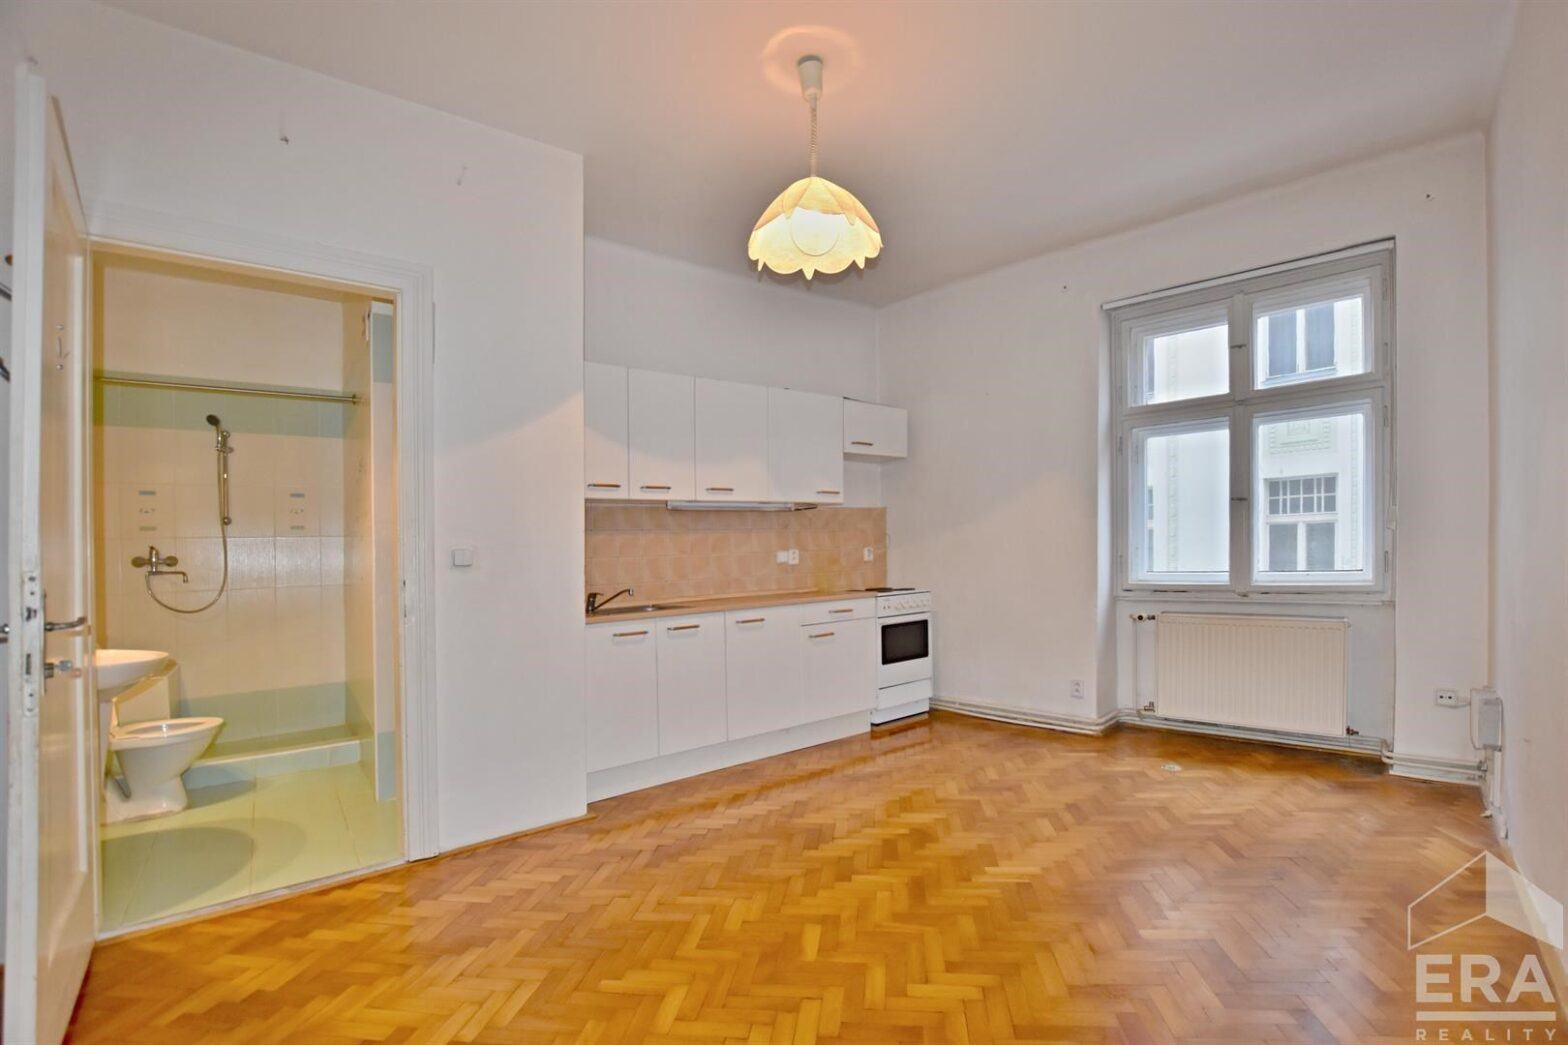 Pronájem bytu 2+kk, 42m2 v centru Jablonce
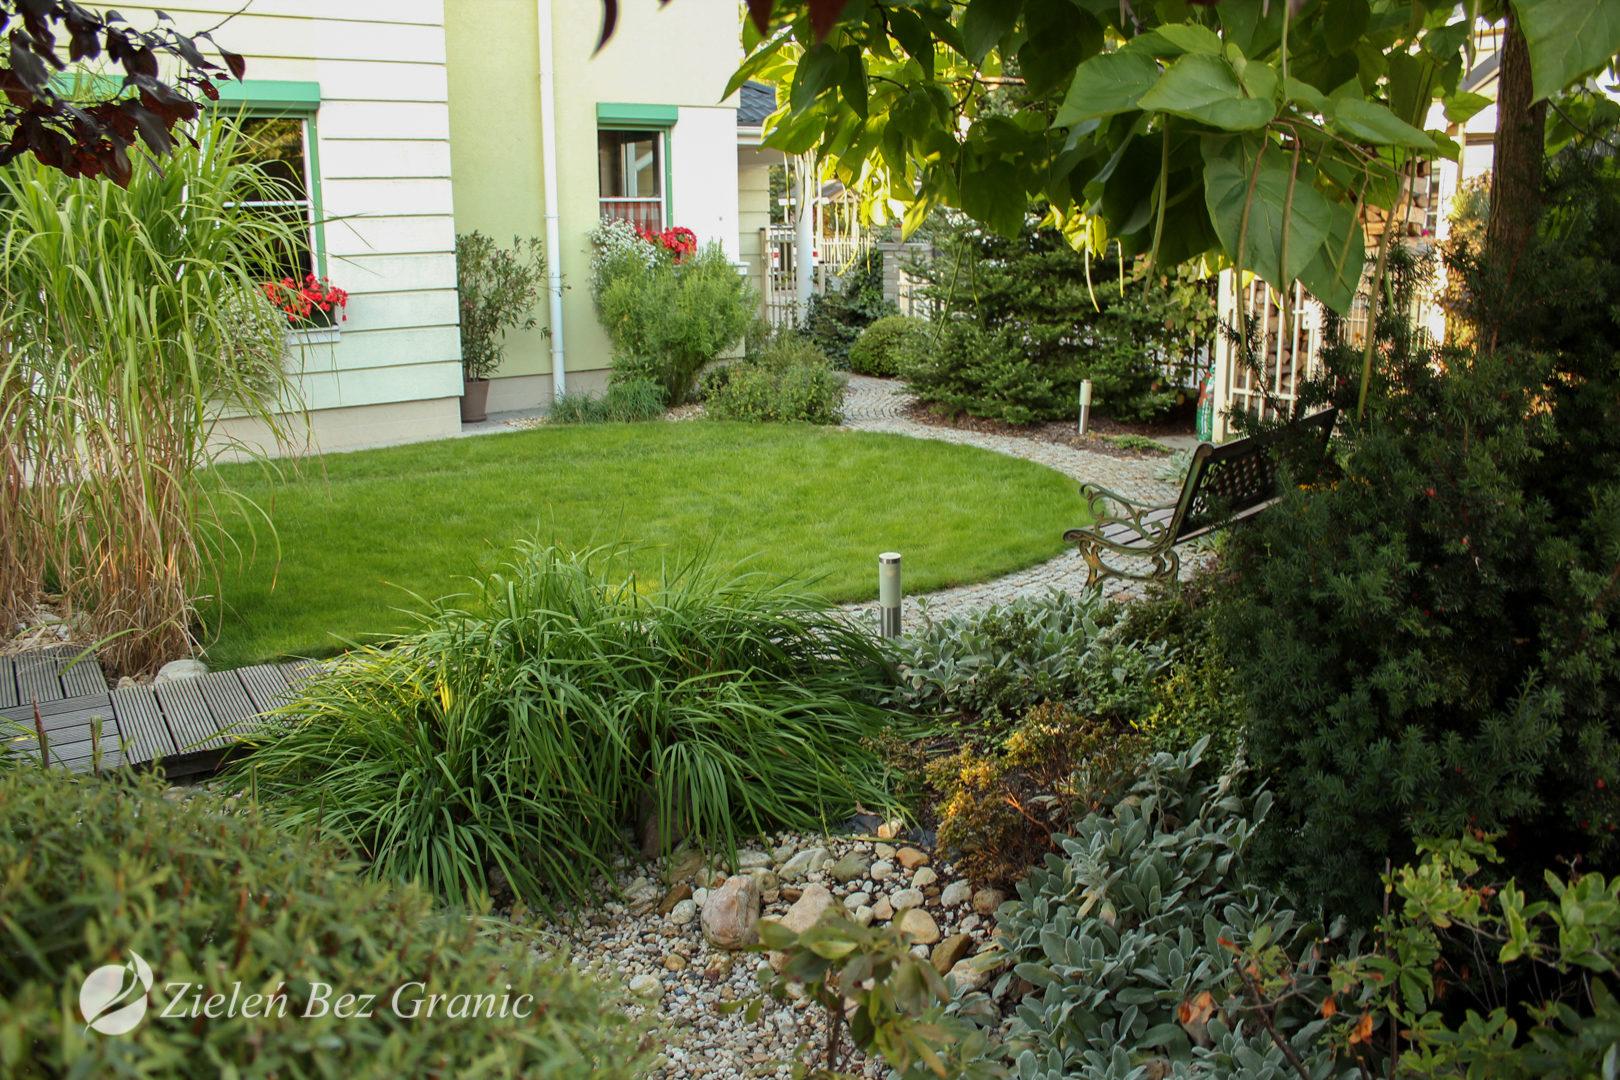 Niewielki ogród zaaranżowany w klasycznym stylu.
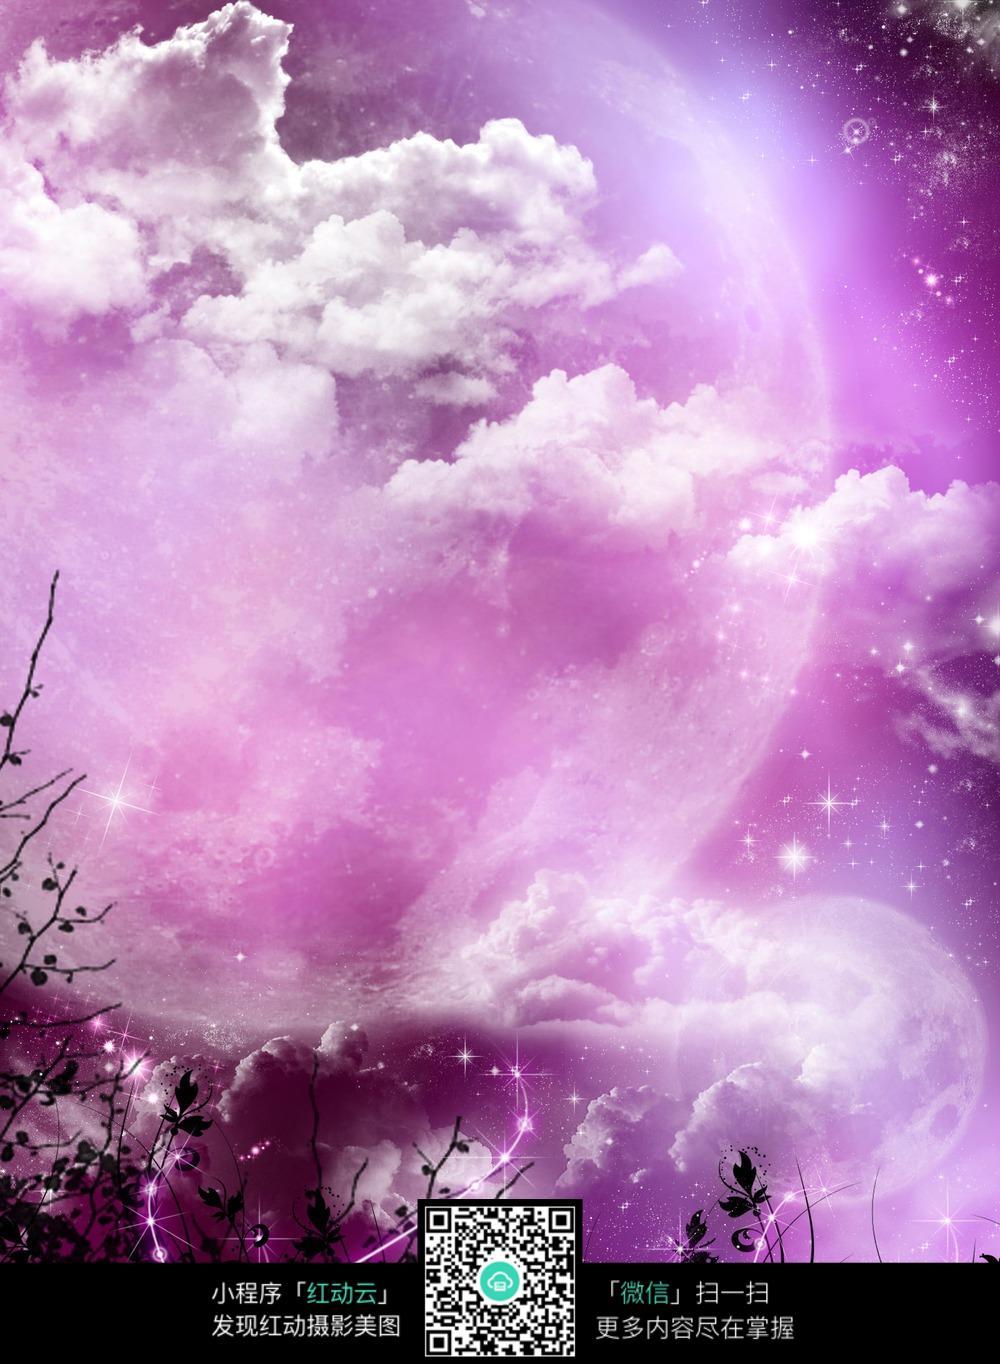 紫色唯美月色背景图片免费下载 编号3791238 红动网

■ **Task statement**
In your copy, leave out the pictures and reproduce the material above exactly.

■ **Output for this task**
 Pronájem bytu 2+kk, 42m2 v centru Jablonce
 Niewielki ogród zaaranżowany w klasycznym stylu.
 紫色唯美月色背景图片免费下载 编号3791238 红动网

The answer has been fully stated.